Tell his manager what he has said!

He won't be working there much longer :lol: :lol:

Total cr4p!!!


----------



## Karcsi (Mar 6, 2003)

But why would he say that? He's a salesman. He should be saying, "Yeh, no problem, loads of room. You never guess who I had back there last week".

I wonder whether he has mixed things up with the latest codswallop legislation coming out of Europe, requiring booster seats for anyone under 6 foot - or something like that (sorry, I'm an Audi salesman :lol: ).


----------



## funky_chilli (Sep 14, 2006)

wow i bet that guy makes plenty of sales!

sounds like a load of crap to me
why would any car maker produce a car that u can't sit adults in the back? or anyone over the age of 8? idiocy


----------



## LazyT (Apr 13, 2006)

I'm planning to chauffeur midgets around in my backseat.  However, there aren't any height restrictions that I know of.


----------



## LH0121 (Oct 14, 2006)

Good news then, He said that it was his duty to inform people before they made a purchase as customers would not be very happy to find out after the purchase! Not the best sales pitch I have ever heard to be honest, but the car sales itself, which is probably very lucky.

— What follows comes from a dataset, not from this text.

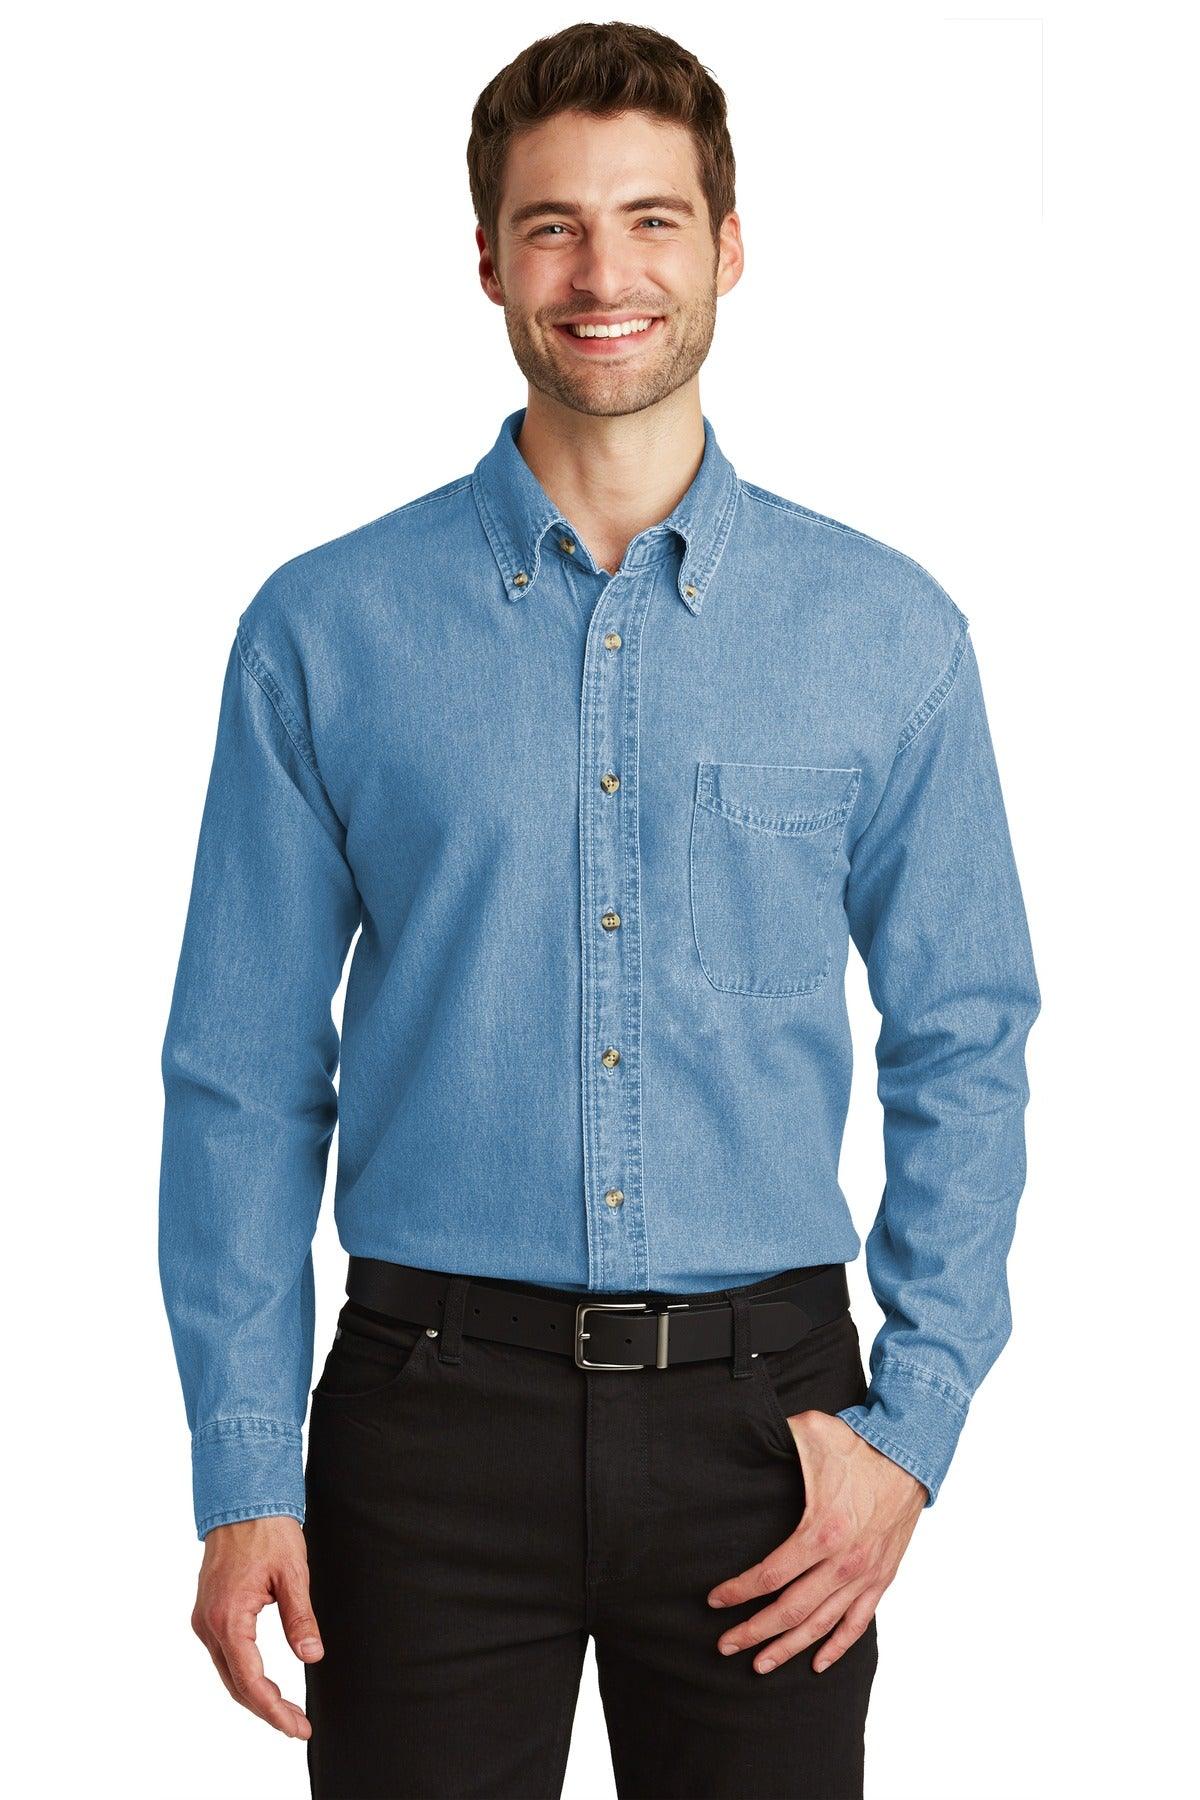 Port Authority Tall Long Sleeve Denim Shirt. TLS600 - Dresses Max

Would this have come from Audi's insurance brokers?? seems very strange that he would tell me that if he had no instruction to?


----------



## LH0121 (Oct 14, 2006)

Oh I also mentioned that I very occasionally would seat adults in the back.......and he said he wasn't sure if this was legal or not. He couldn't have mixed that up with the requirements for booster seats surely???


----------



## DonaldC (May 7, 2002)

What total nonsense! Sounds like a salesman talking for the sake of talking and not knowing anything to talk about! Prat.

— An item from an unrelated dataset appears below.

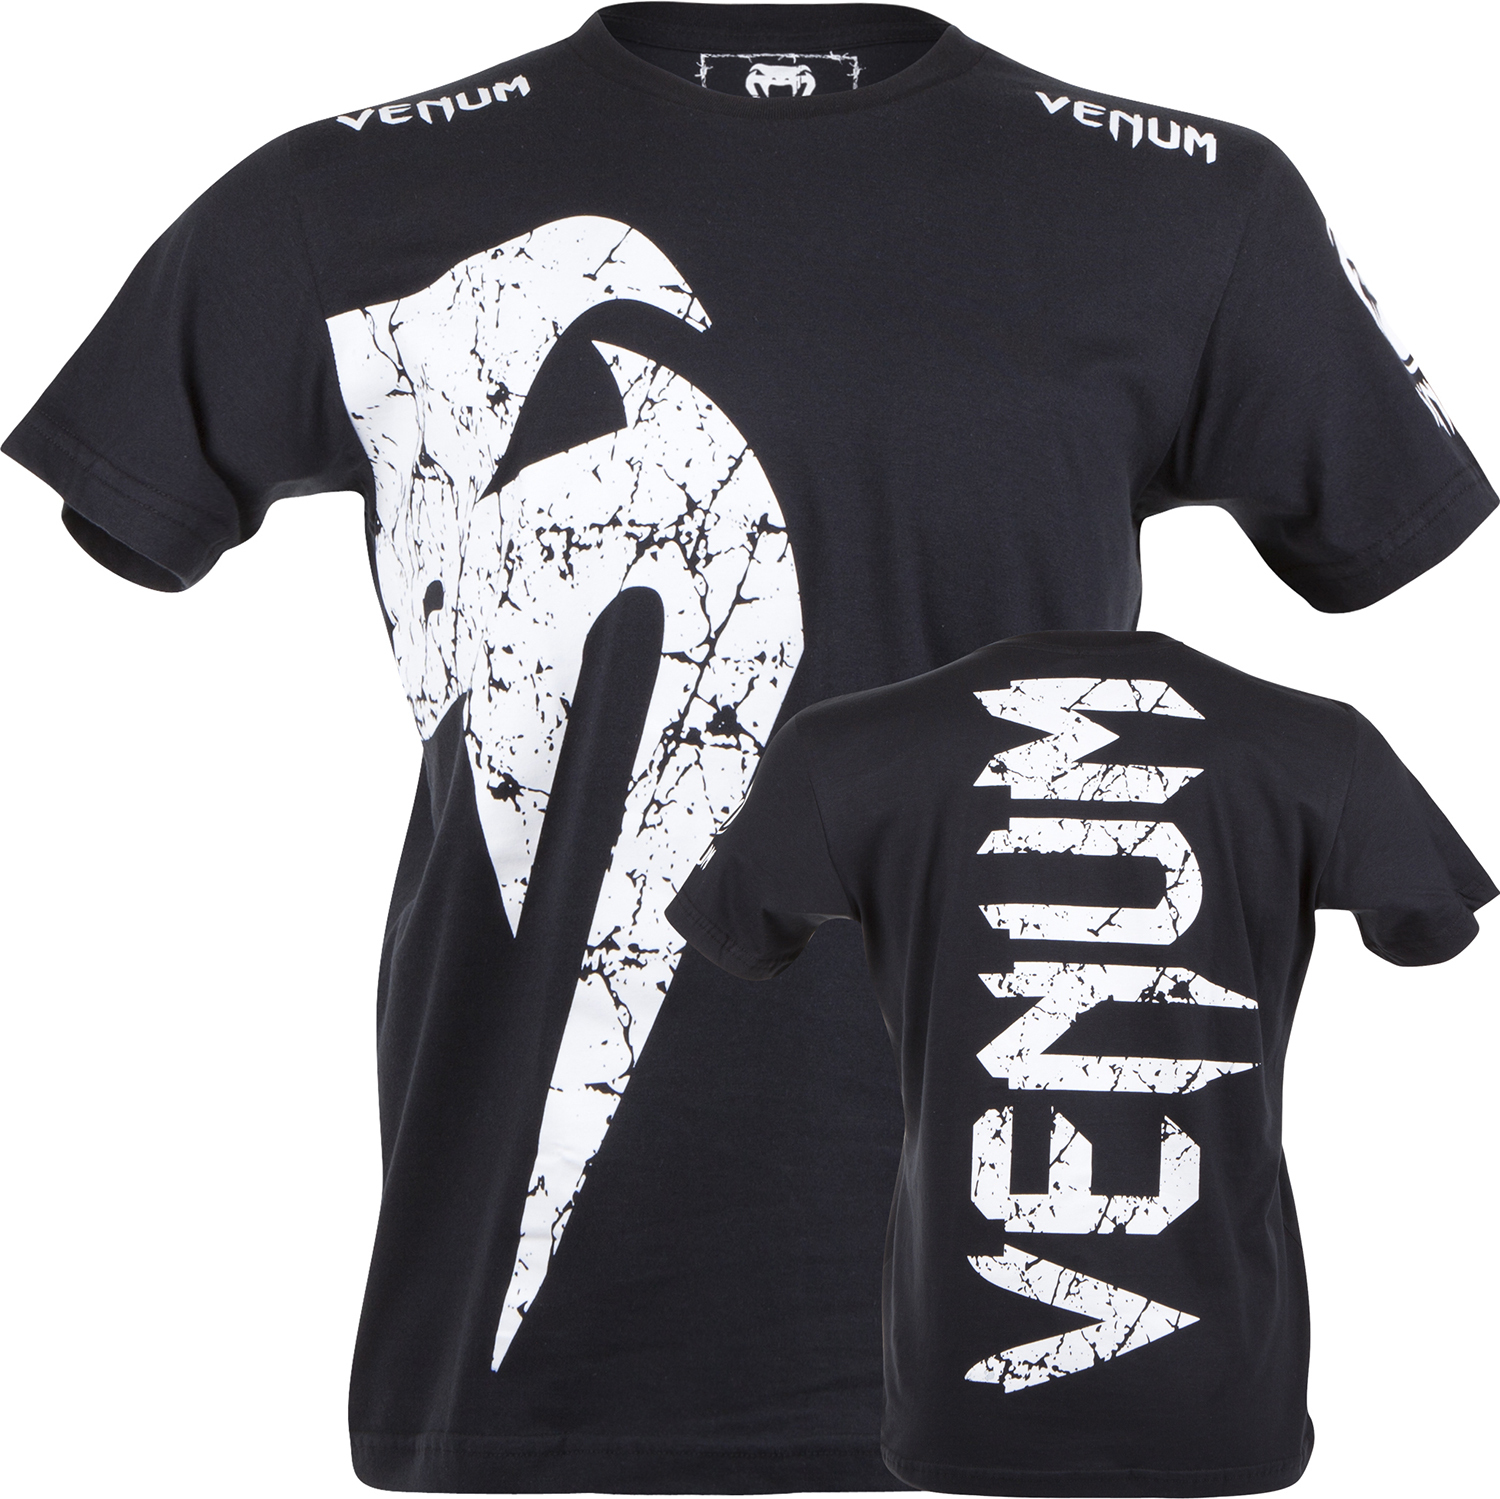 Бренд футболки купить. Футболка Venum giant Tshirt - Black. ММА футболка Венум. Майки юфс Венум. Футболка UFC Venum.

Adults can fit in the back for short journeys as long as they are not too tall. I normally ask the short adult females to get in the back and ask them to take off their shoes first......and then their tops....and then their skirts...... :lol:

Jesting aside, small adults and children are fine for short journeys and ignore that salesman!

Donald


----------



## Philr (Oct 10, 2006)

What is the tallest you can be and fit comforably in the rear?

A few serious repsonses would be appreciatted !


----------



## markrbooth (Sep 25, 2006)

Philr said:


> What is the tallest you can be and fit comforably in the rear?
> 
> A few serious repsonses would be appreciatted !


My 5ft10-11 salesam went in the back for a good 45 minutes


----------



## funky_chilli (Sep 14, 2006)

not like ur salesman is going to complain tho!


----------



## markrbooth (Sep 25, 2006)

LH0121 said:


> Hi guys, first post here.................I've just visited my local Audi dealer to look at the new TT 2.0T, beautiful and I would love one however the sales man has put a spanner in the works by saying that there is a height restriction for rear passengers, and that my eight year old girl will be uninsured when travelling in the back?? he is not sure of the legalities and whether or not it is in fact illegal to carry passengers over a certain height in the back, can anybody shed some light as the car had me very tempted?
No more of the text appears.